There are two main types of values that are used in finance:
Book value is a value that is recorded in the balance sheet of a company. Every asset of the company must have some book value that is in the balance sheet, however, some assets may have book value of zero if those are fully depreciated. There are few methods to determine the book value of an asset in the balance sheet. The basic method that is applied for most of the assets uses the acquisition price of the asset and depreciates it over time (depreciation rate depends on the type of the asset and accounting policy of the company).
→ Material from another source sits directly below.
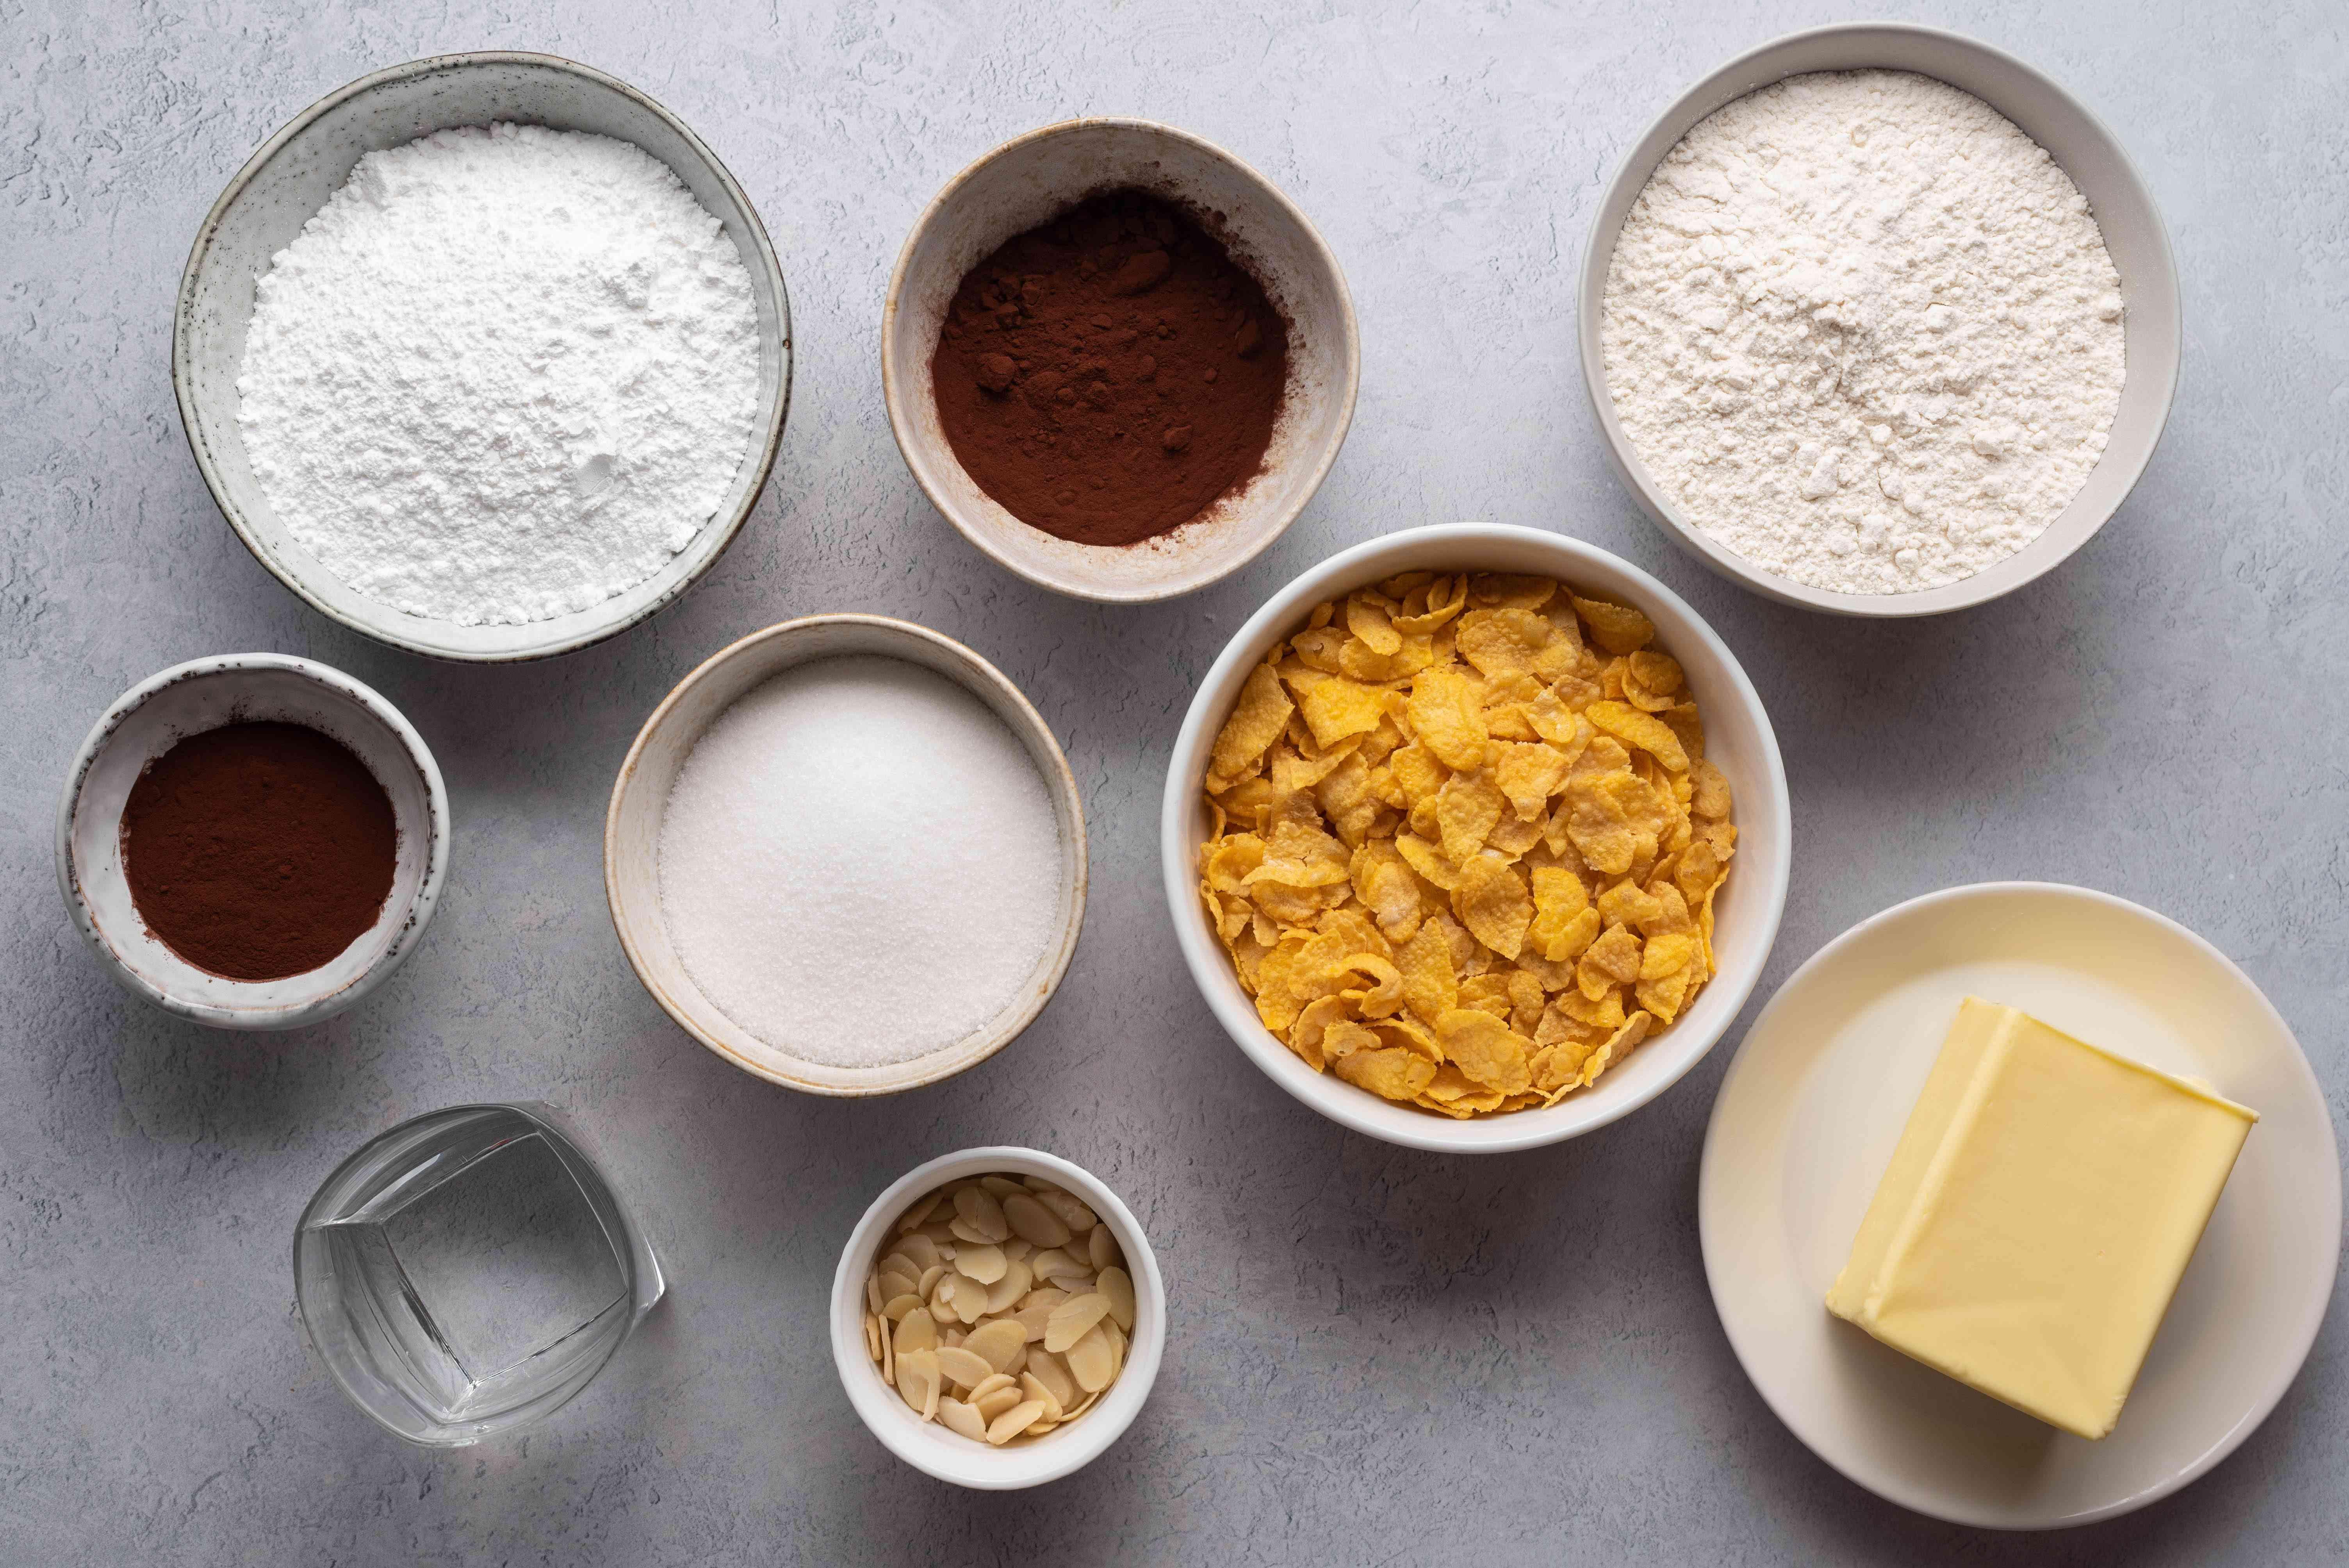 New Zealand Afghan Biscuit/Cookie ingredients

If this method is used, the difference between the book value and the market value can be very significant, and such ratios as price-to-book-value should be used very carefully.
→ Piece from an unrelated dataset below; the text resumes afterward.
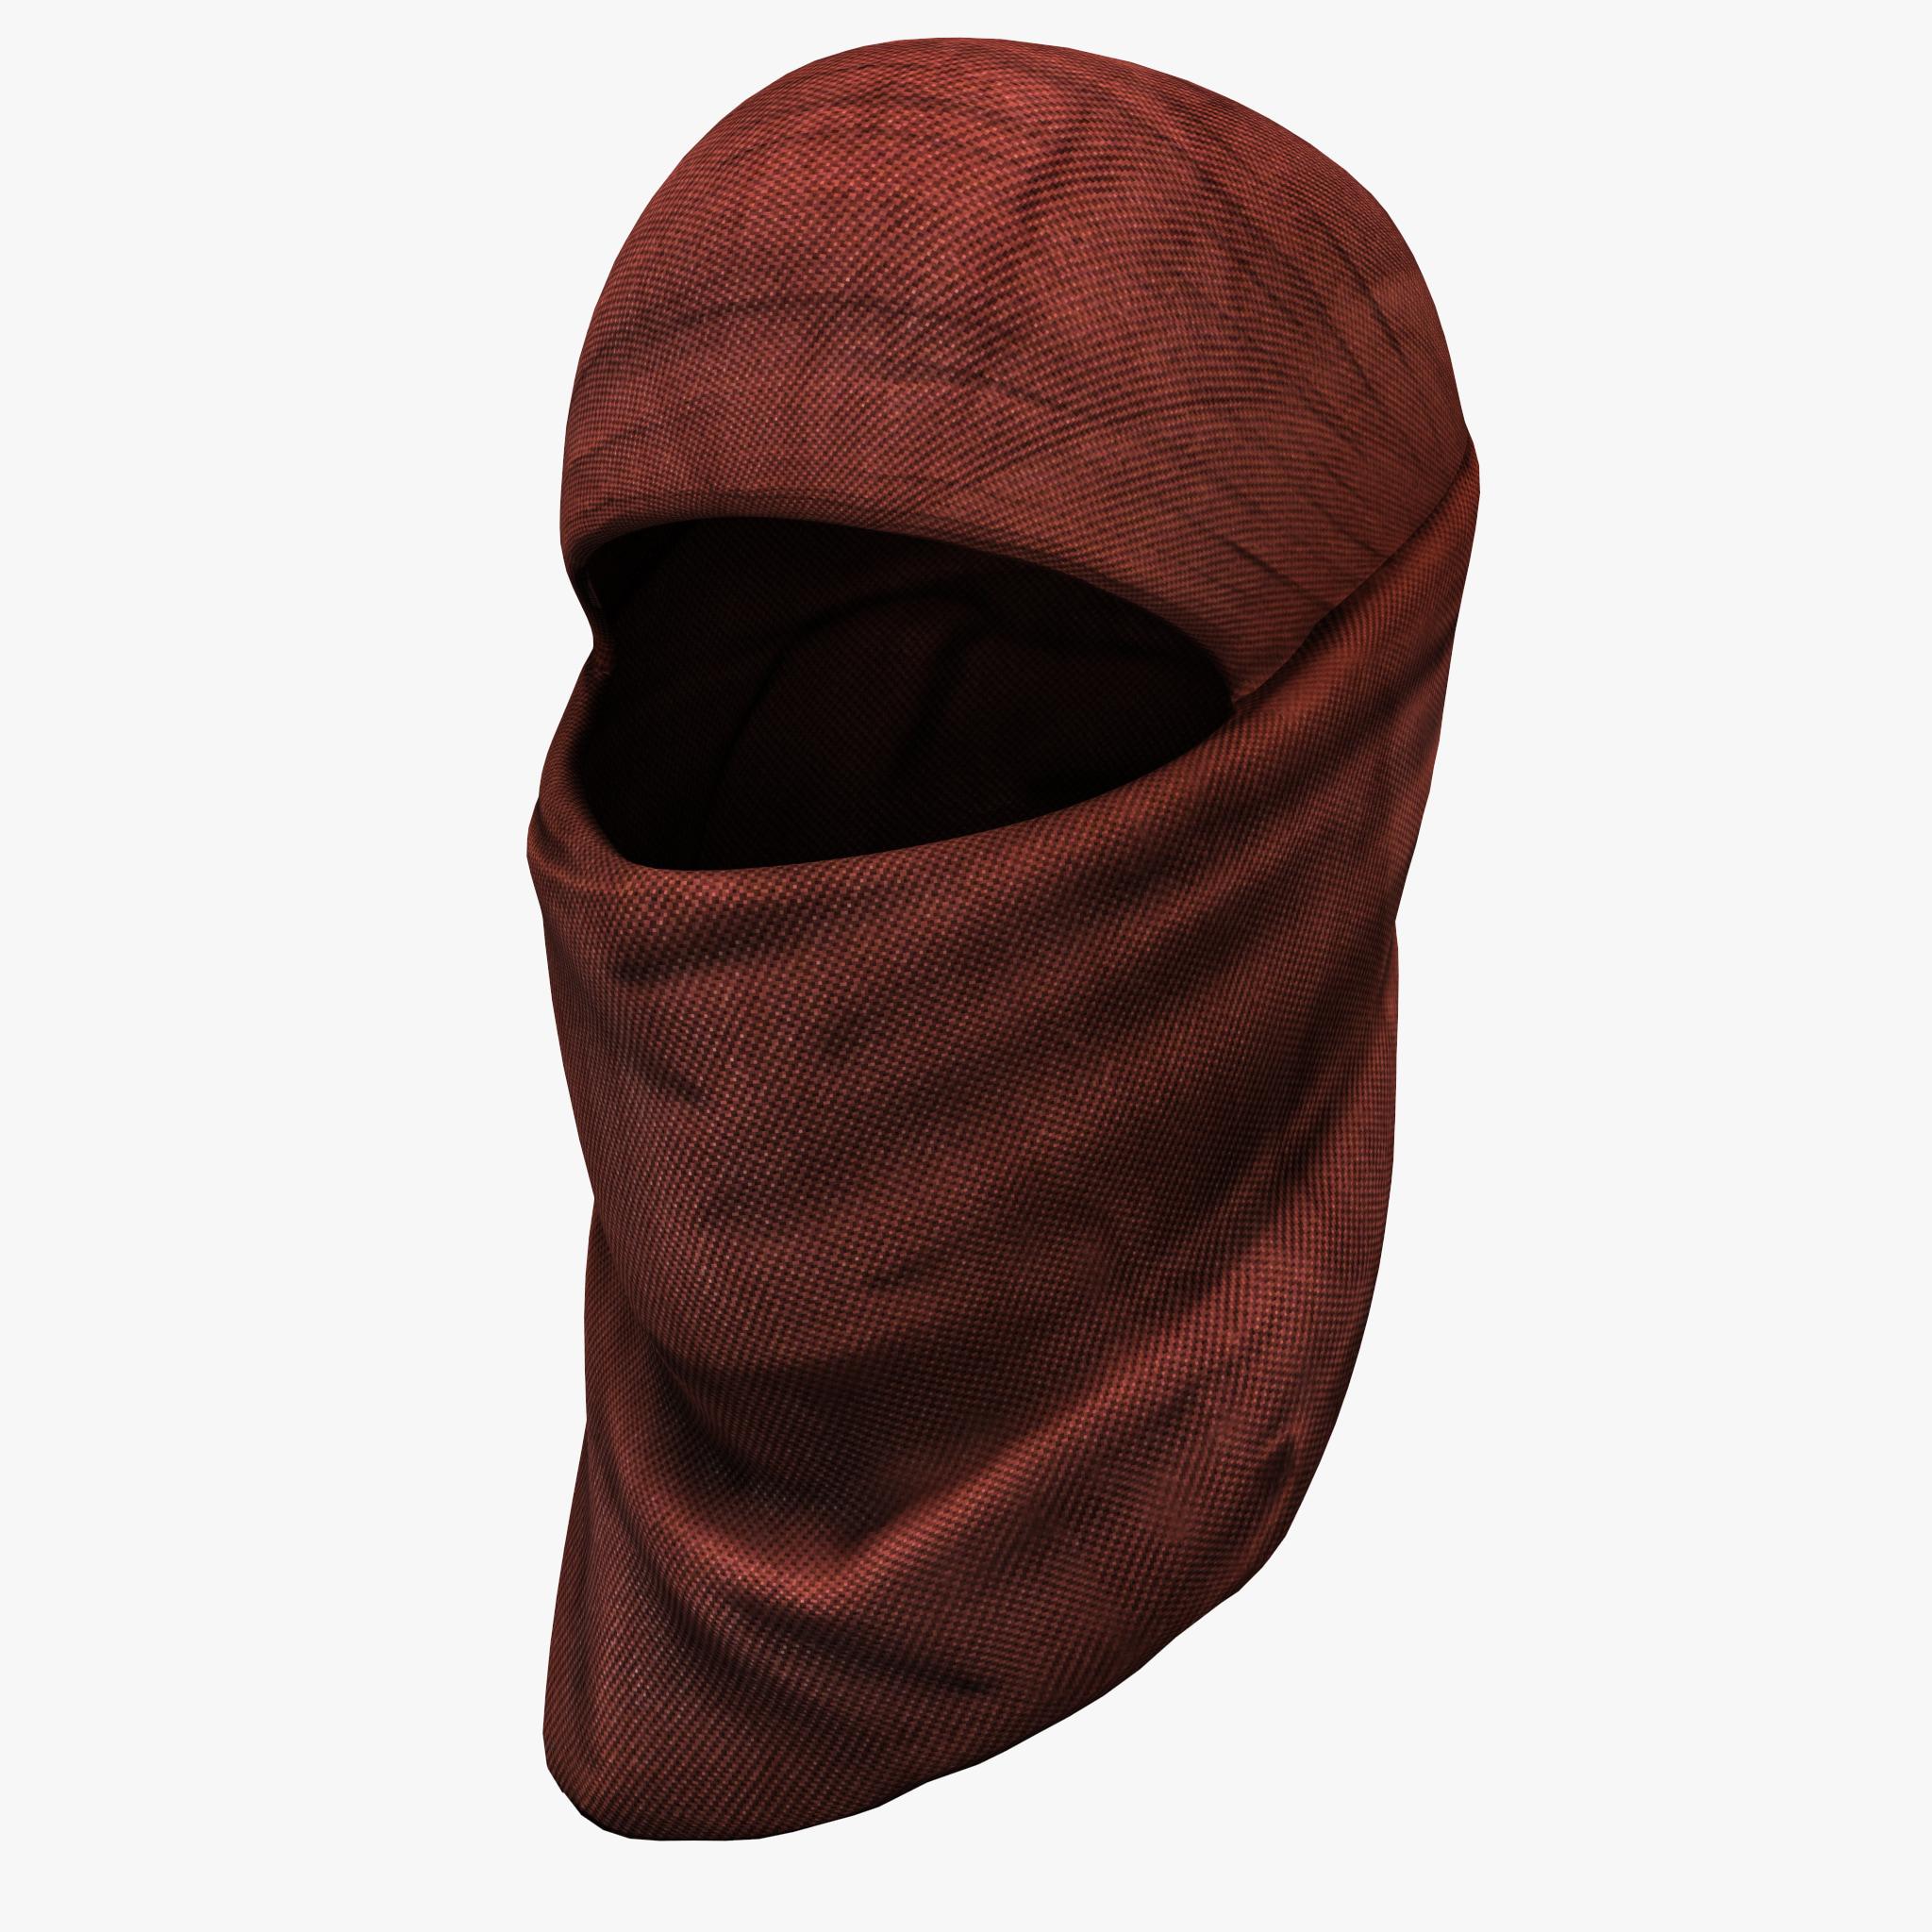 Terrorist Turban_1.jpg

Other method which is also allowed by most of the accounting standards is revaluation method: company may choose to order the valuation of the assets, and use those values in balance sheet. Companies usually revaluate their assets if see an opportunity to increase depreciation which lowers corporate income tax.
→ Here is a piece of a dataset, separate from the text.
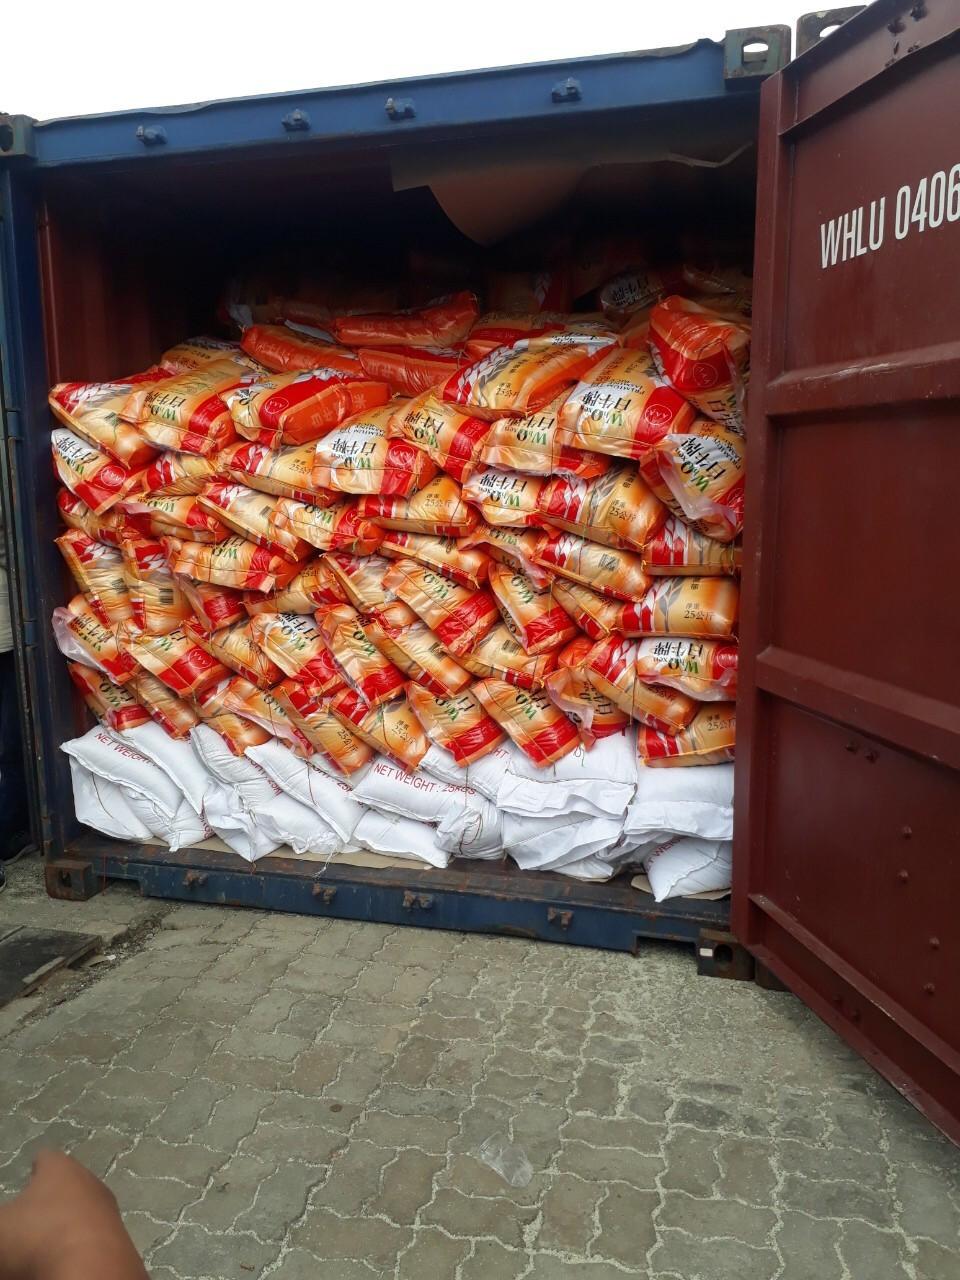 Shipment of WOY5 Premium Jasmine Rice

(2) Book value of equity is often also called as ‘book value’. Book value of equity which also can be named as ‘shareholders book value’ or ‘shareholders equity’ is equal to all the assets of the company less all liabilities, and can be found in the balance sheet. Book value of the equity can be used for many financial ratios but in real business practice book value can be very far from market value and cannot be the background for important financial decisions. However, book value of equity might be more significant for the companies of which assets are often replaced and are quite liquid, for example, financial institutions.